Choosing the model type and data format

Selecting the model type

The Hailp Artificial intelligence as a service platform can deal with two types of prediction tasks: classification and regression.

Choose the Regression model if you want to train your AI bot to predict a value for some input data. The inputs can be continuous or discrete, and the output is a continuous value. An example of regression jobs is where an AI bot predicts residential energy consumption based on the building size and neighbourhood energy usage history. Another example of such a bot is an artificial neural network that can predict house pricing based on the nationwide house pricing data and the house’s features.

On the other hand, select the Classification model if you want to train your bot to categorise user submitted samples. In other words, a classification bot yields a discrete output value by using some continuous or discrete data as inputs. An example of the use of a classification bot is an artificial intelligence model that analyses the results of previous similar experiments to recognise whether a molecule is likely to have activity on a pathology or not. Another example of a classification bot is the image recognition neural network or the gender recognition model.

Choosing the data format

Hailp AI bots accept 3 types of data format: CSV (comma separated values) for table and array-like data; text format for text data; and jpg or png formats for images.

Depending on how your data is structured, you can select any of the following types when uploading your CSV file:

Option1 – Single CSV for all samples:

Choose this option if all of your training samples are merged into a single CSV file. The first row of your CSV file must contain the name of each feature (Input names). The first column or the last column of the CSV table must be the label values (Model output), while the remaining columns contain the values of each feature for each training sample.

The features names can be any alphanumeric string and can include special characters such as underscore, space and dash. The feature values must be alphanumeric only.

For a classification problem, the label values can be numeric or alphanumeric. Below is an example of a CSV file for the classification problem:

cucumber_qualities.csv

  • Color, Width, Length, Weight, QUALITY
  • 1, 50, 100, 20.4, Good
  • 2, 40, 80, 10.4, Bad
  • 1, 10, 120, 26, Good
  • 2, 50, 100, 11.9, Good
  • 1, 60, 150, 20.0, Intermediate
  • 2, 11, 200, 05.5, Bad

For a regression problem, the label values must be numeric. Here is an example:

cucumber_prices.csv

  • Color, Width, Length, Weight, PRICE
  • 1, 50, 100, 20.4, 60.90
  • 2, 40, 80, 10.4, 5.10
  • 1, 10, 120, 26, 70.00
  • 2, 50, 100, 11.9, 100
  • 1, 60, 150, 20.0, 50
  • 2, 11, 200, 05.5, 2
Option2 – One CSV per sample:

Select this option if each training sample has its own CSV file. For instance, let’s say you want to train an AI bot to predict cucumber quality. For that you will need to provide 100 CSV files of the following format that relate the 100 GOOD cucumbers specifications, and another 110 csv files that relate the 110 BAD cucumbers.

goodcumber1.csv

  • Feature names, Feature values
  • Color,1
  • Width,50
  • Length,100
  • Weight, 20.4

other_goodcumber.csv

  • Feature names, Feature values
  • Color,1
  • Width,10
  • Length,120
  • Weight, 26

The first row of the sample file contains the features you want to take into account when training the bot. Feature names can be numeric or alphanumeric. The second column contains the value for each feature for the current sample test. The first line is optional; it generally contains column names or other information that helps the human user to identify the file (tags, title, author etc.). This line will be ignored during the training process.

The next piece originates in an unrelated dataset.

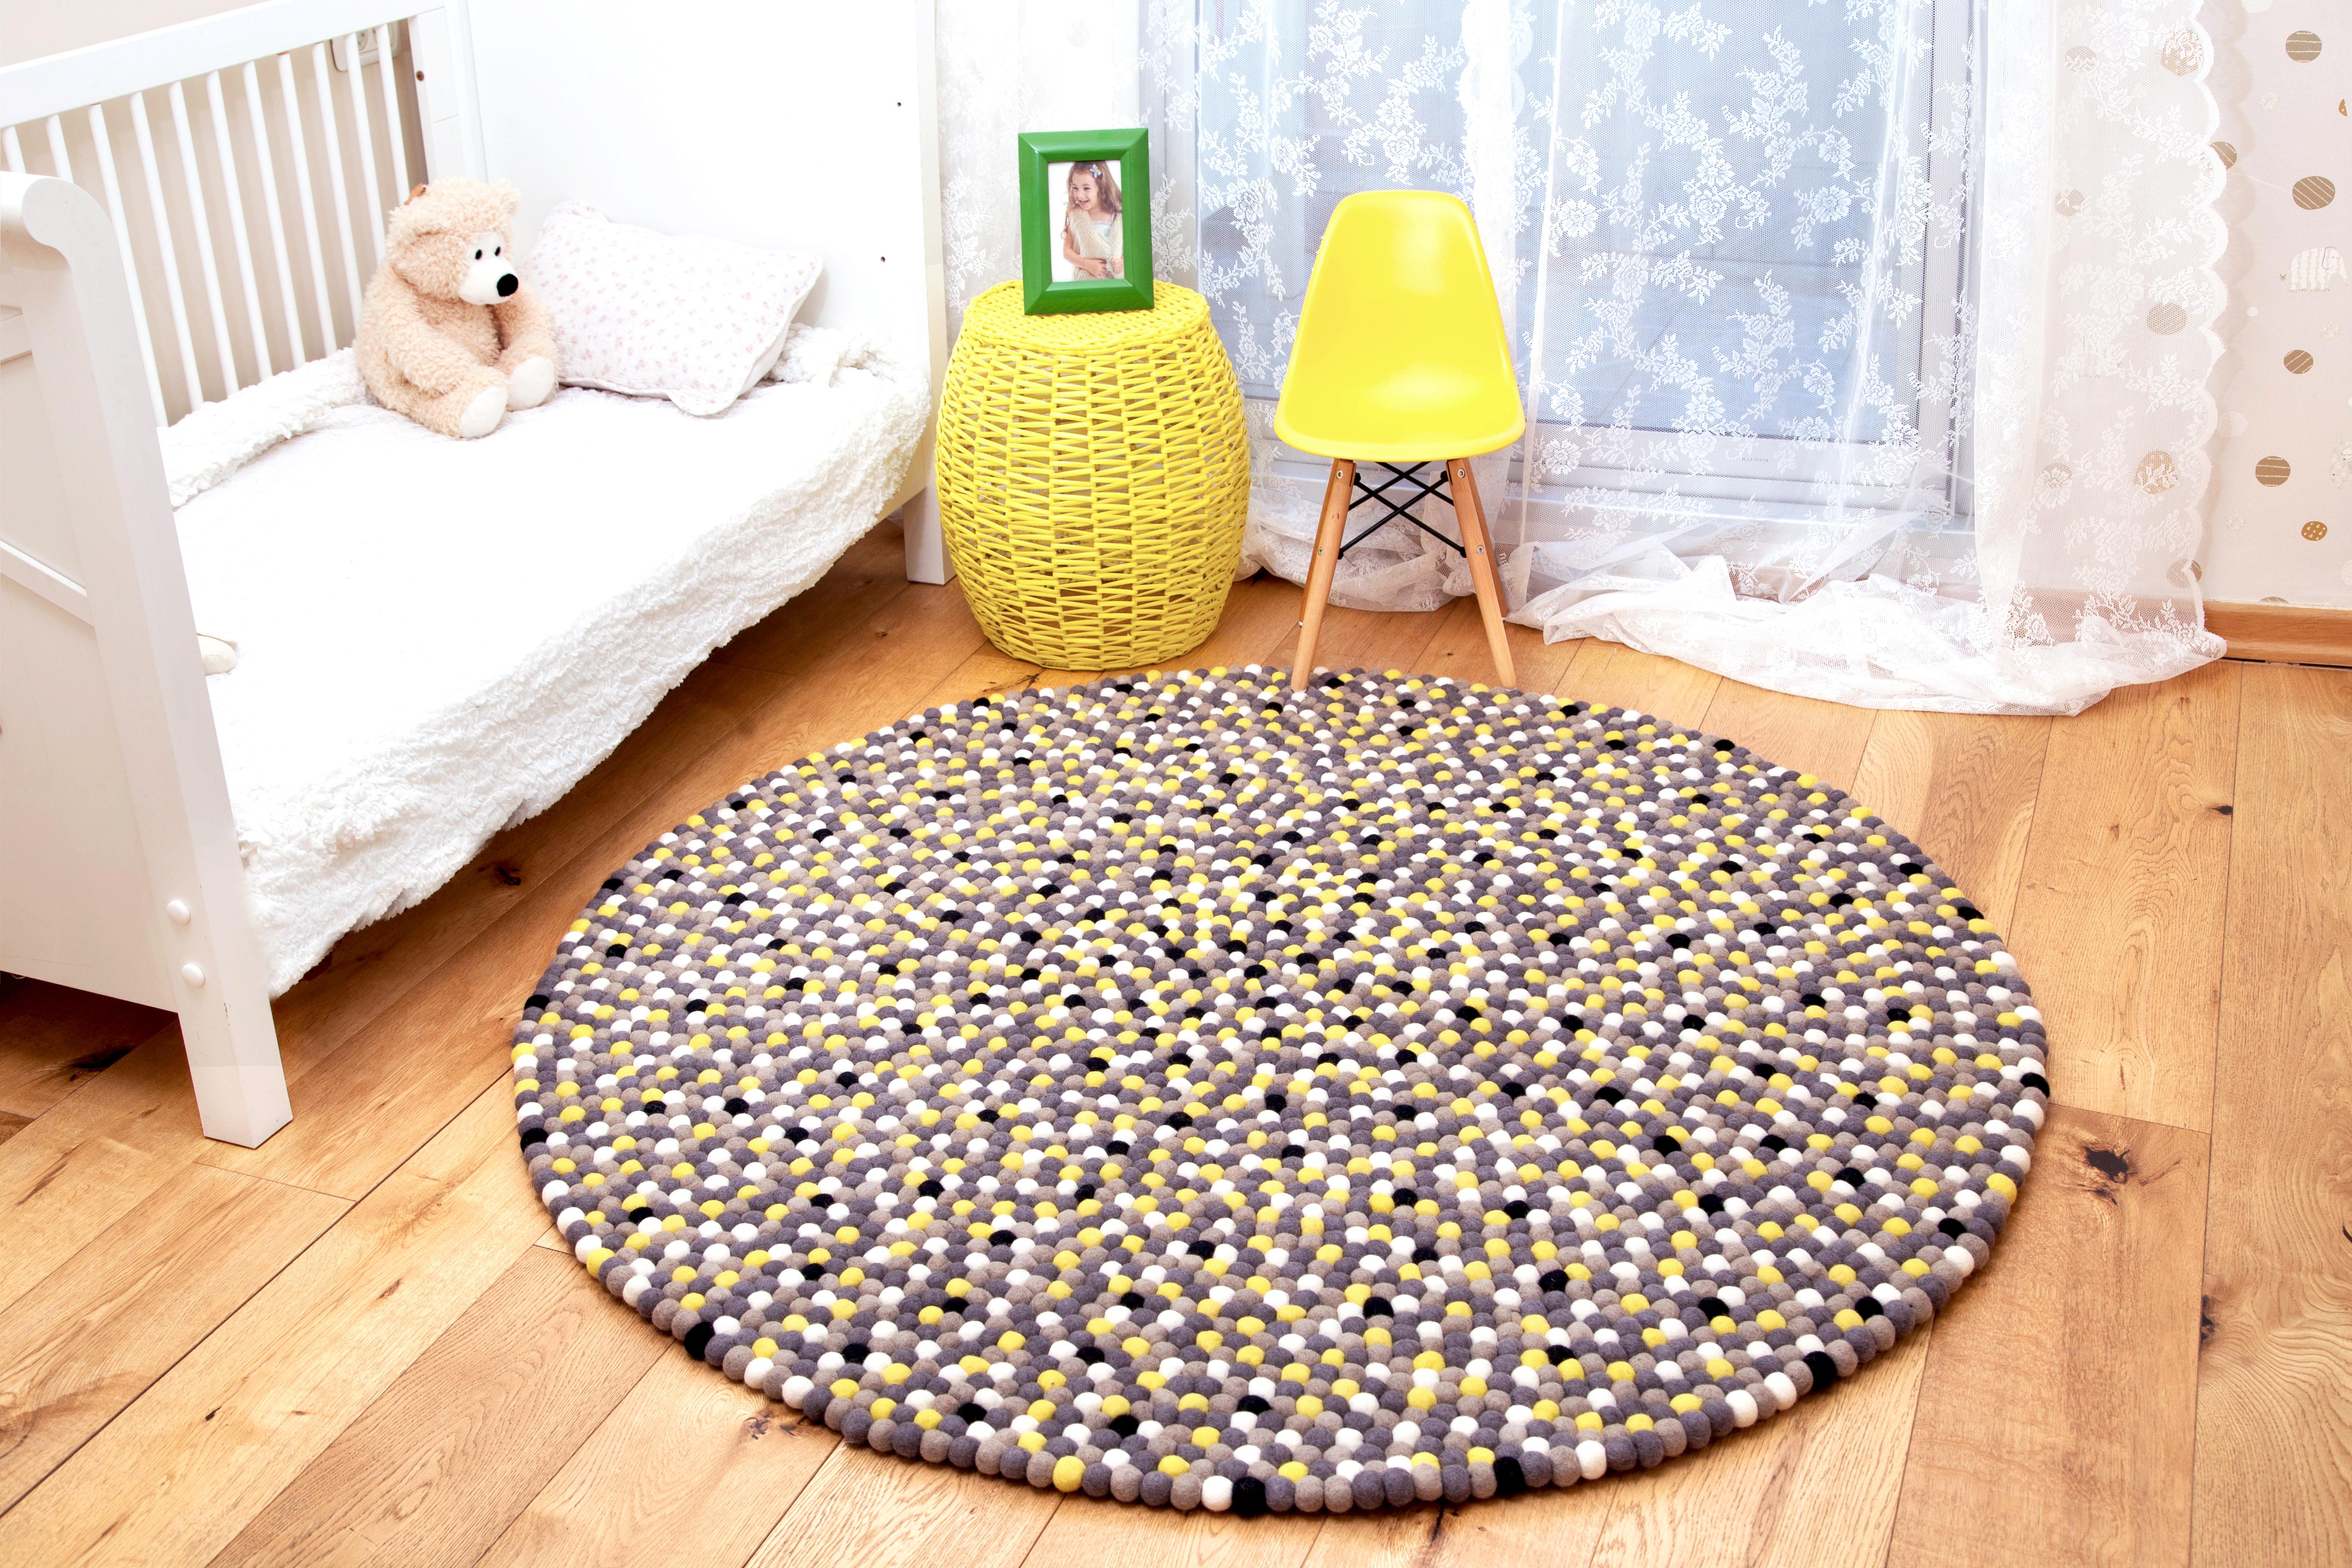 שטיח רך ונעים למגע

Note that during all of the above steps, you will only need to upload one sample file. This will be used to teach the Hailp platform how to deal with your data. When features are created, you will be asked to upload the remaining files.

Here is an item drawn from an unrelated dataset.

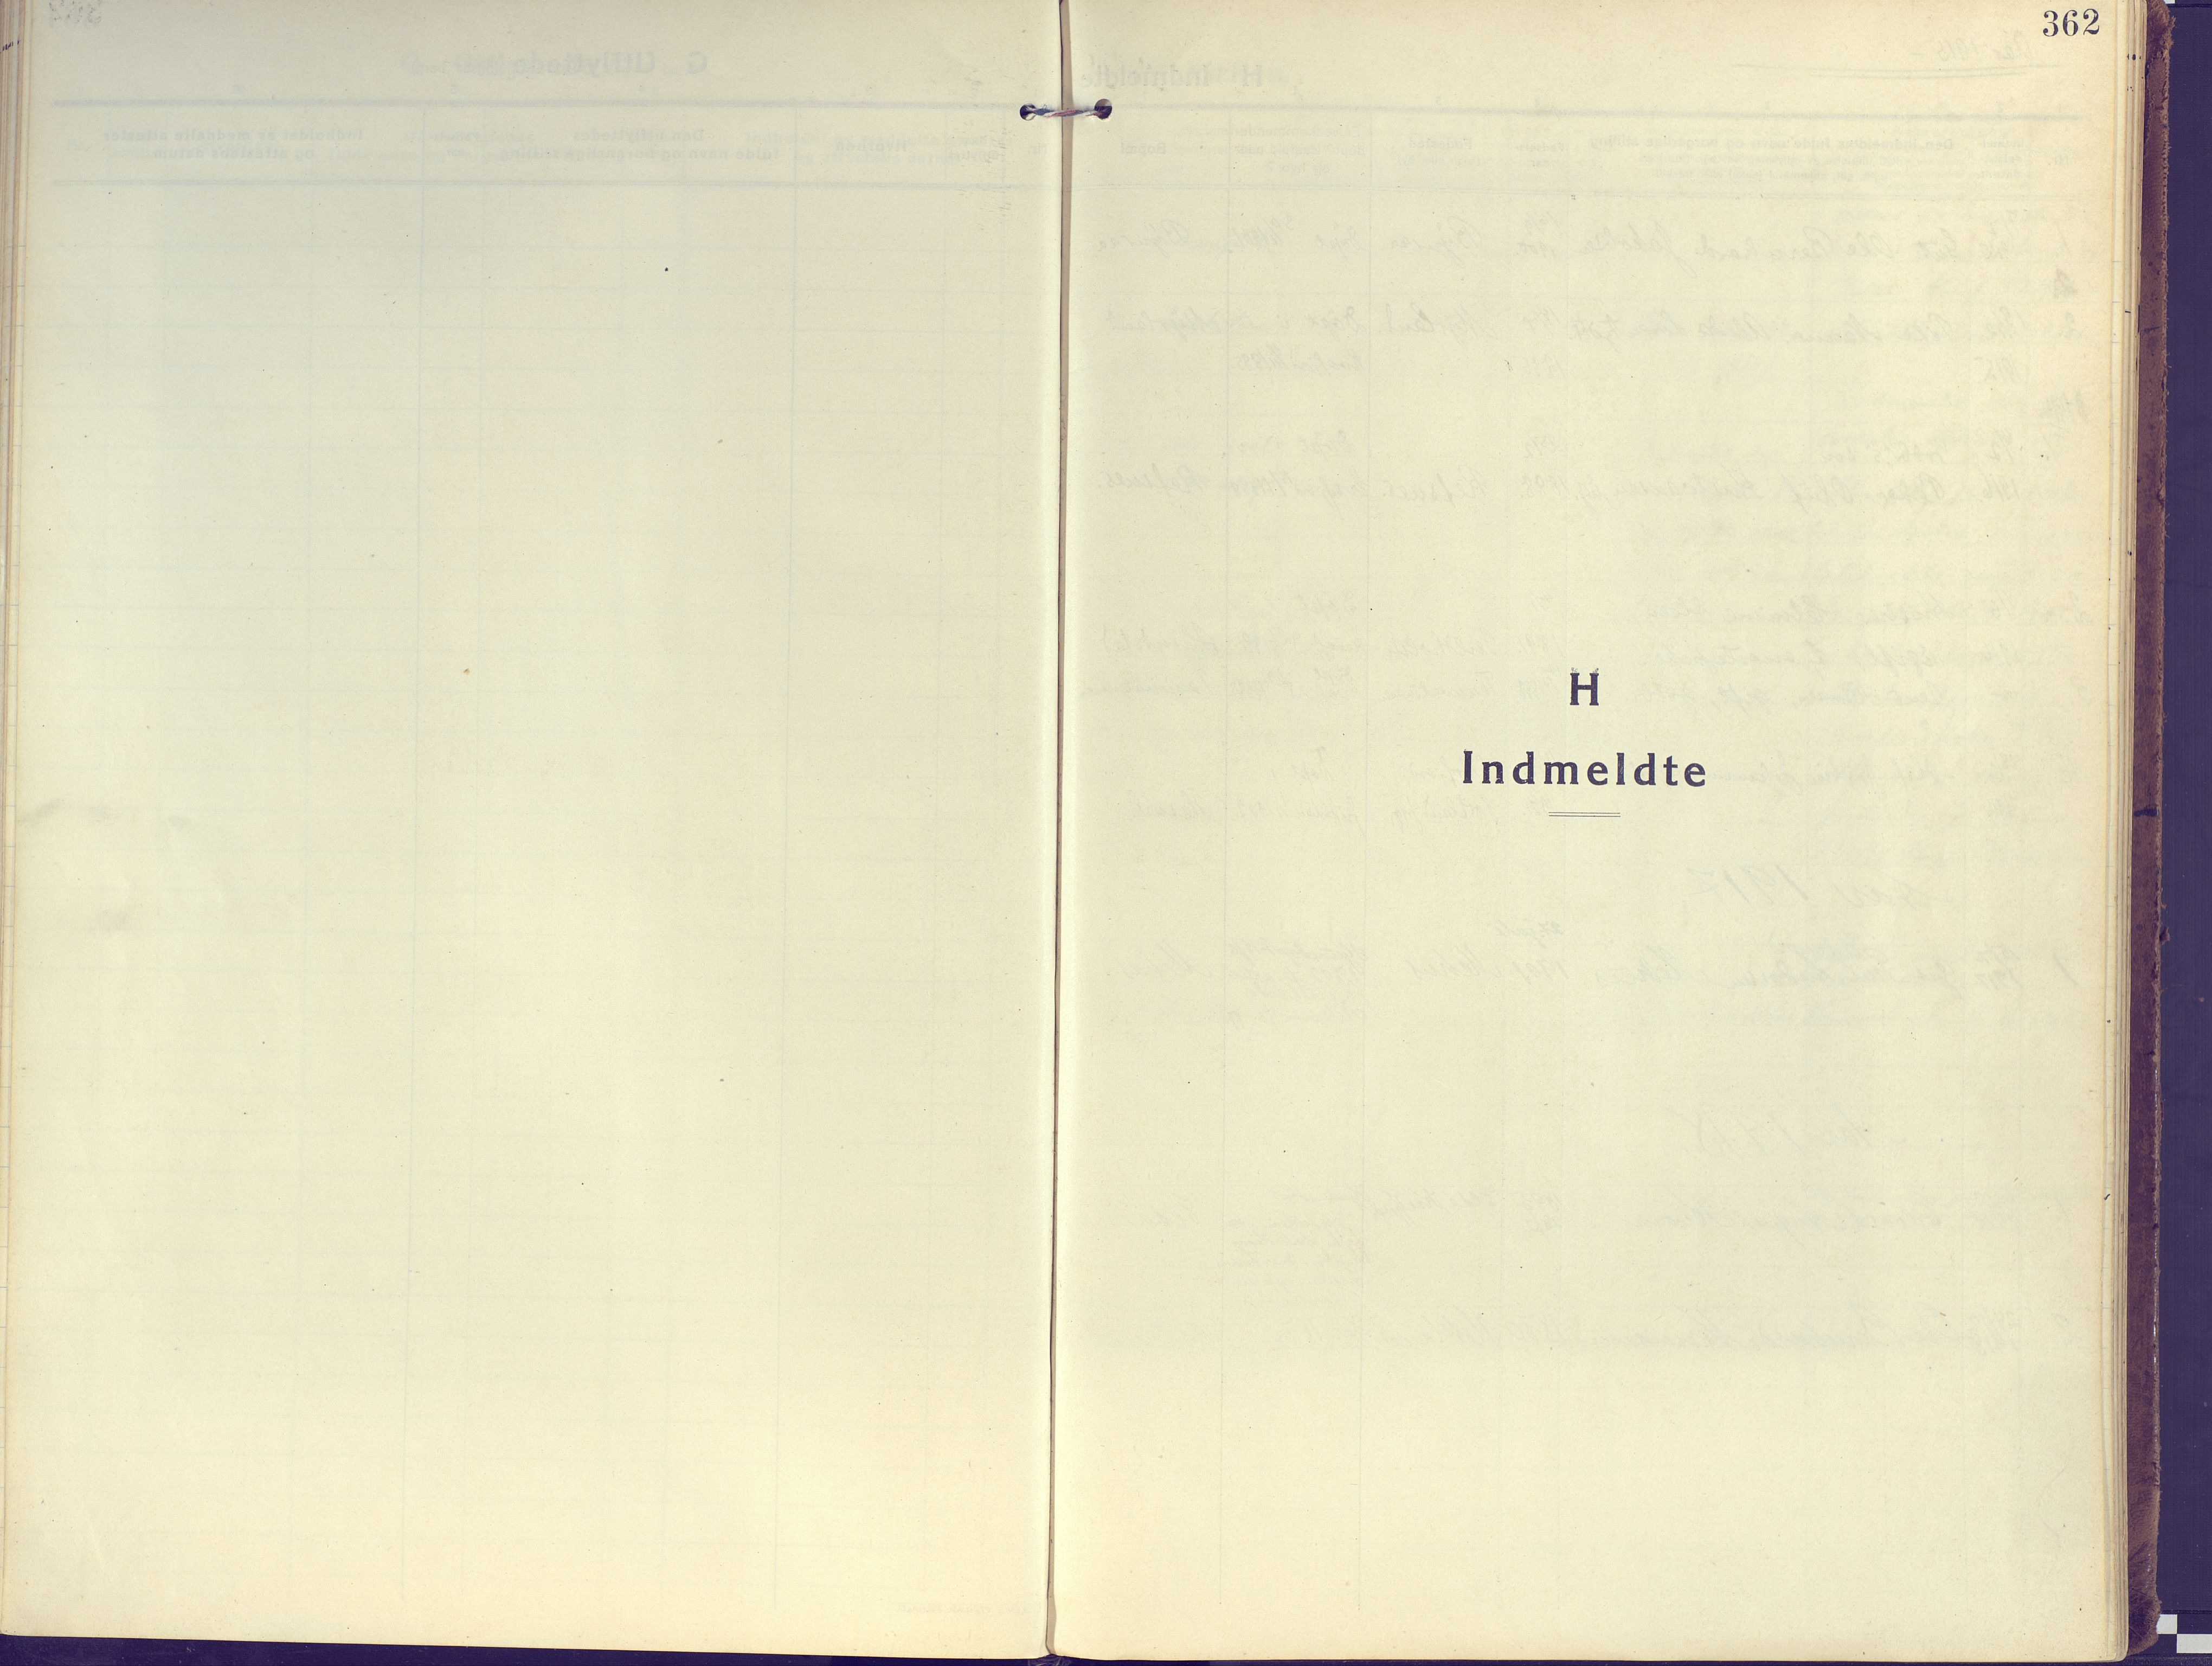 SATØ, Kvæfjord sokneprestkontor, G/Ga/Gaa/L0007kirke: Ministerialbok nr. 7, 1915-1931, s. 362

Option 3 – Log/Txt, one file per sample:

logs_processing_aiSelect this option if you want to train your bot for a text processing task. For example, let’s say you want to train your bot to recognise server status, by analysing the server’s log contents. For that you will need to upload 500 log files from optimised servers and 450 log files generated by badly optimised servers. Text content can be alphanumeric but can also contain some special characters such as underscores, commas, dashes, parentheses and dots. Other special characters will be ignored during the training process. We accept any text file that’s less than 50 ko in size.

Option4 – Images, one file per sample:

biology_machine_learningUse this option if you want to train your bot for an image recognition job. Let’s say you are a microbiologist and you want to train your bot to automatically recognise whether a food is safe by examining a bacterial culture photo. To make this happen, you will need to log in to your Hailp account, choose the “Images- One file per sample” as the data type and then upload some snapshots of safe bacterial cultures along with some culture photos which are deemed unsafe.